The Footprints workshop started life as a printing press for dress and furnishing fabrics using traditional hand-block printing. It was set up in 1925 by Gwen Pike and Elspeth Little in Durham Wharf, Hammersmith and supported by Celandine Kennington (the wealthy second wife of the artist Eric Kennington). The name, Footprints, was chosen because of the foot pressure used to create most of the block prints.

Originally the Pike and Little partnership was one of artist and business; Elspeth Little owning a shop called ‘Modern Textiles’ and Gwen Pike being the artist / designer of ‘Footprints’.

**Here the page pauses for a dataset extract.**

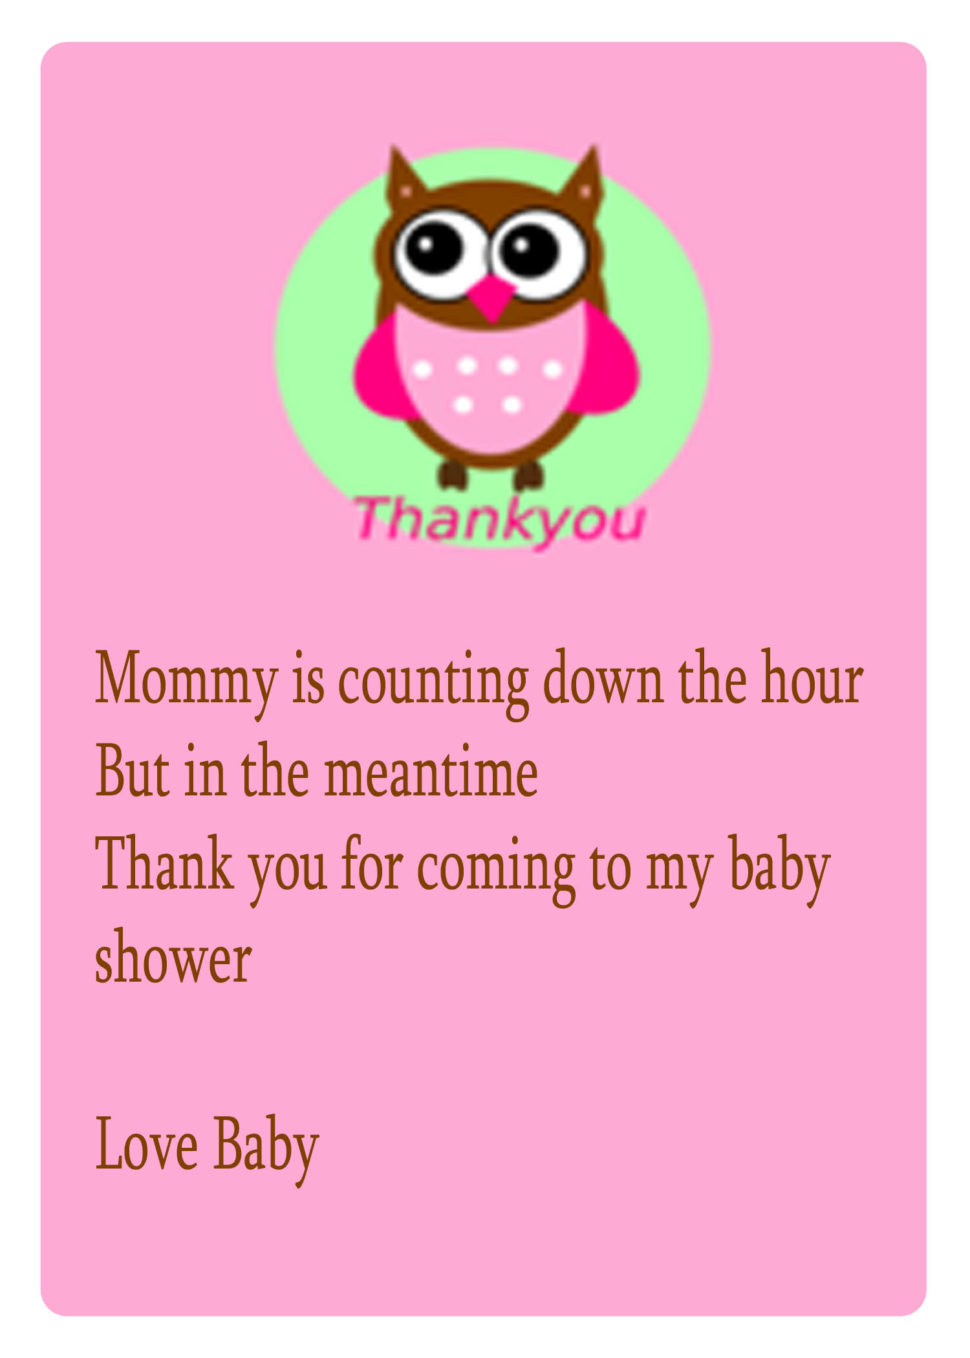 Medium Size of Baby Shower:72+ Rousing Baby Shower Thank You Cards Picture Ideas Baby Shower Cake Ideas Baby Shower Decorations Baby Shower Tableware Juegos Para Baby Shower

Modern Textiles was opened in 1926 by Elspeth Anne Little, who had studied painting at the Central and Slade Schools. She had become involved with textiles and block printing by being employed in a theatrical workshop after leaving college.♠ 

Elspeth Little was taken on in 1923 as an apprentice at ‘Fraser, Trelevan and Wilkinson’ – the theatrical workshop run by Grace Lovat Fraser, widow of the designer Claude Lovat Fraser. The pressure of work meant that Elspeth Little soon became an employee, not a trainee, and as such she was involved in printing fabrics for theatre sets and costumes.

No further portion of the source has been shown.